A classic appetizer platter in Ashkenazi Jewish cuisine, this dish features a spread of chopped liver and poached gefilte fish, often served with accompaniments. Chopped liver is made from sautéed chicken livers, onions, and often hard-boiled eggs, while gefilte fish is a savory mousse of ground whitefish (like carp, pike, or whitefish) poached in a fish broth. This platter is a traditional centerpiece for holiday meals and celebrations.

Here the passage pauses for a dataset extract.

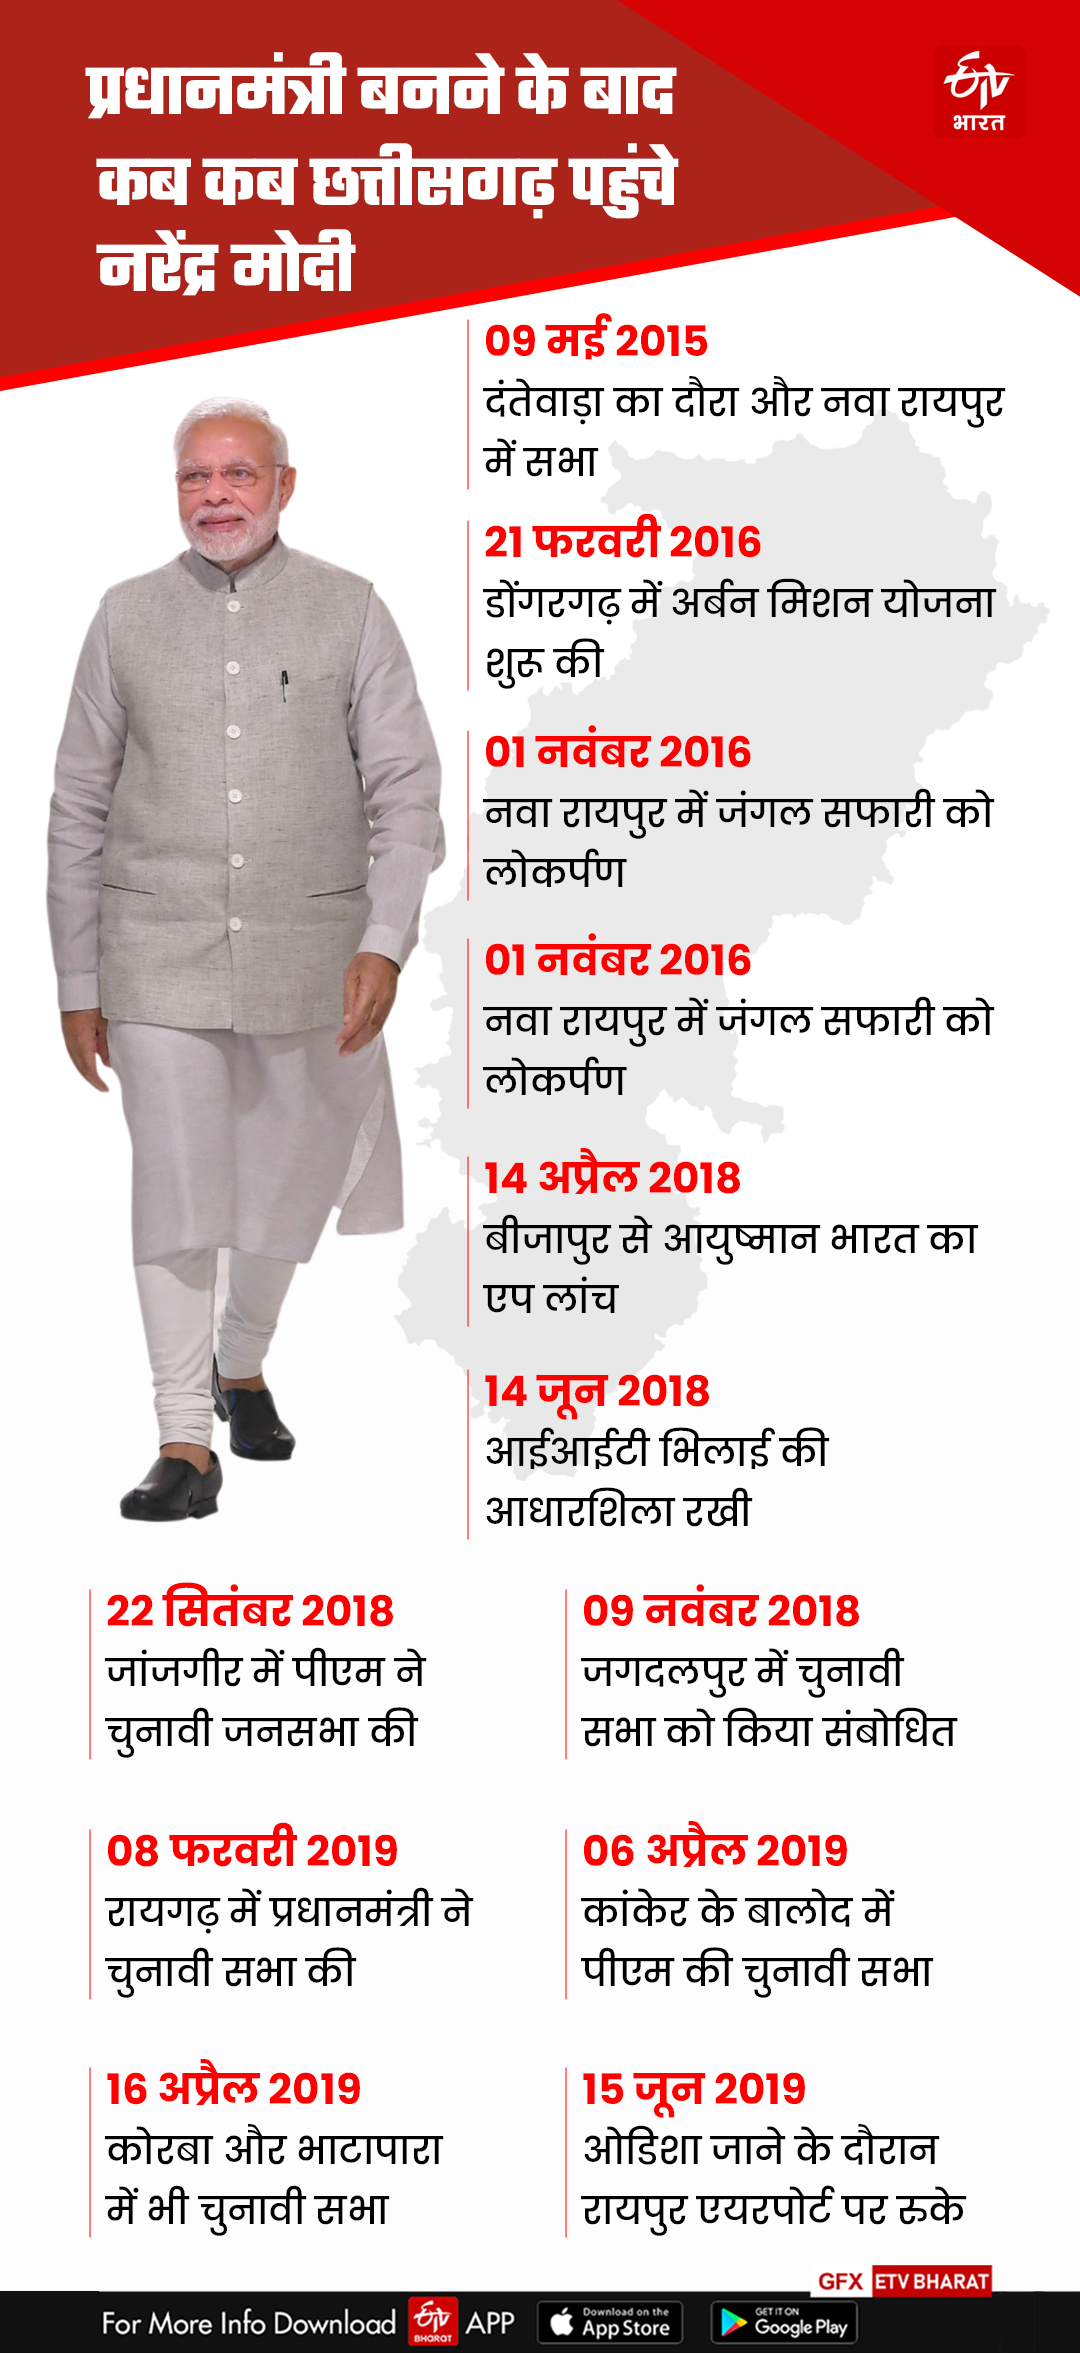 PM Modi Visits Chhattisgarh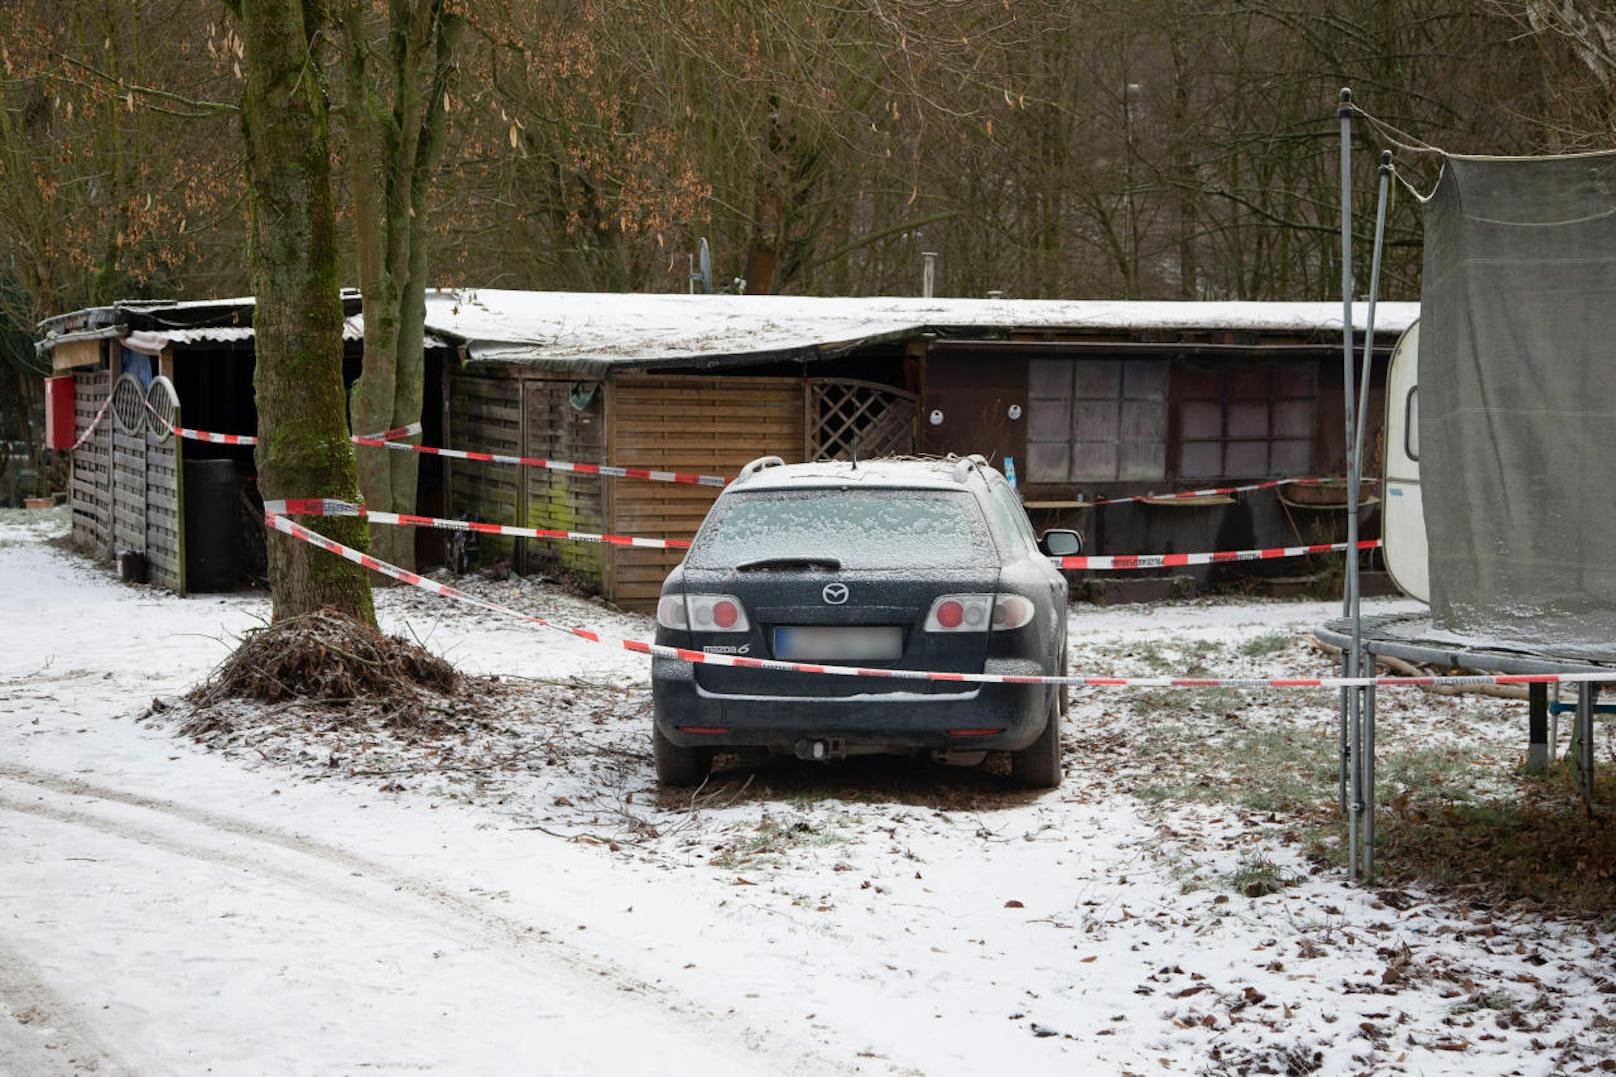 Drei Männer sollen auf dem Campingplatz in Lügde im nordrhein-westfälischen Kreis Lippe 23 Kinder sexuell missbraucht und kinderpornografisches Material hergestellt haben.

This platter is a high-protein, moderate-to-high fat dish, with the liver providing iron and B vitamins, and the fish offering lean protein and omega-3s. A typical serving can range from 300 to 450 calories, depending on the specific recipes and portion sizes.
| Calories | 380 kcal |
| Protein | 28 g |
| Carbs | 8 g |
| Fat | 26 g |
| Fiber | 1 g |
| Sugar | 3 g |
| Sodium | 650 mg |
| Vitamin B12 | 12 mcg |
| Iron | 4.5 mg |
| Selenium | 25 mcg |
| Phosphorus | 320 mg |
| Zinc | 3 mg |
| Niacin (B3) | 8 mg |
| Folate | 90 mcg |
| Vitamin A | 4500 IU |
Per 1 platter serving (approx. 150g chopped liver + 120g gefilte fish) · estimated, varies by recipe
Culturally, this platter represents the resourceful and symbolic nature of Ashkenazi Jewish cooking, turning humble ingredients into festive fare. Nutritionally, it's a unique combination of organ meat and freshwater fish, offering a dense profile of micronutrients like vitamin B12, selenium, and phosphorus.